Claire had worked long and hard on a response to this anticipated question but now the words disappeared from her mind. Instead she fumblingly took out the folder and held out the sheet. He let her keep proffering it while he slowly unfolded the glasses again, put them on, and unfolded a Look at her over their tops. “You’d like me to read this?” he asked, still not taking it.

“That would be great, if you could. I think it’ll be a lot more clear than me.”

“Are you saying your parents misnamed you?”

“I’m sorry?”

“Claire. They named you Claire,” he repeated as she stared dumbstruck at him. She couldn’t fathom how he already knew. That she’d had first one name, then another—but then she saw he didn’t know this. She’d misconstrued him, but it was too late to stop the sensation of having been seen, which instead of being the recognition she always desired took the unpleasant form of a wave of heat under her clothes.

“‘Claire’ means ‘clear,’” he was suffering to explain to her.

“Right! No, I know that. I misunderstood you.”

He let fall one last very protracted Look at her over the tops of his glasses before he took the sheet and read the words she knew by heart.

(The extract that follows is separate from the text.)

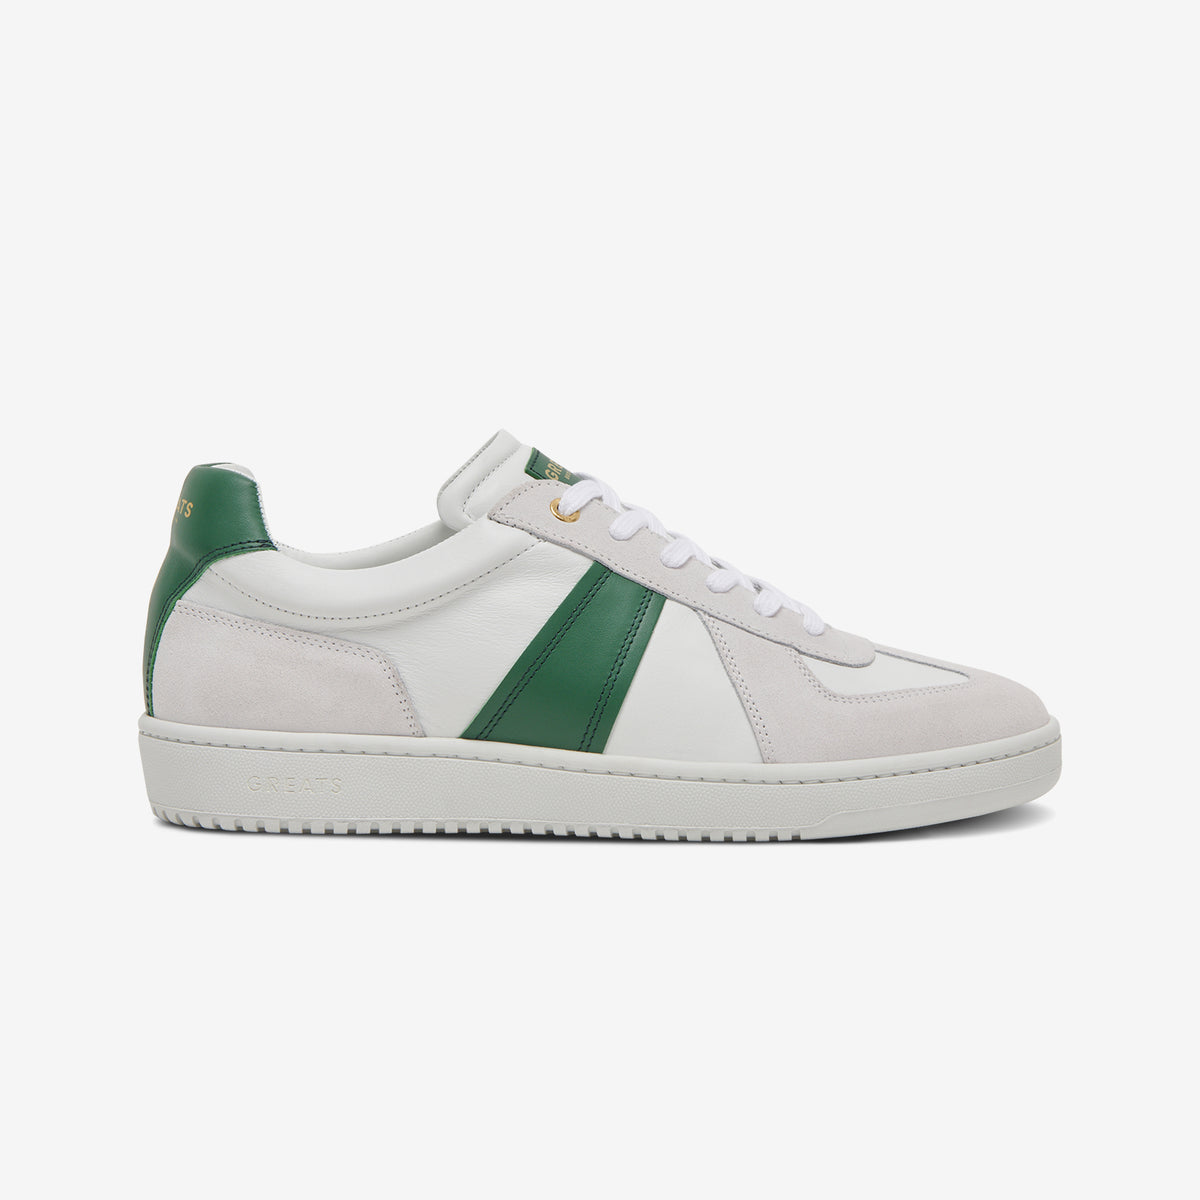 Greats - The GAT Sneaker - Blanco Green - Men's Shoe – GREATS

Baby Evangeline, as she was known in this loving Christian environment where she spent her first months, was born January 1985 to a healthy Christian mother, Caucasian, age sixteen years. Birth mother’s heritage on the maternal side Scotch-Irish, many generations in this region, on the paternal side German, also many generations in this region. Mother’s mother attended secretarial school, mother’s father vocational school, no college attendance in the family to date. Growing up, mother was a healthy active girl showing normal development. Church attendance on and off due to divorce but Christian principles prevailing in both homes. Showed an early aptitude for acting and dancing and was accepted in the region’s leading school for these arts; described herself, at the time of her residence with us, as an aspiring actress. Pregnancy normal, carried baby to full term and normal delivery. Nothing known of the father apart from Caucasian and Christian, good health.

He took much longer to look up from the sheet than it would take even a very slow reader to read it. At last he asked, “And what am I supposed to glean from this story?”

“‘The region’s leading school for the arts’: that’s this school.”

“Is it? It’s not even clear from this scant paragraph what the region is that it refers to.”

“It’s this region.”

“Is it?” He made to pore over the sheet again, even running his finger down each of the lines.

“That’s just an excerpt from my file.” Claire caught herself twisting her hair. “What region it is—the rest of the file makes that perfectly clear.”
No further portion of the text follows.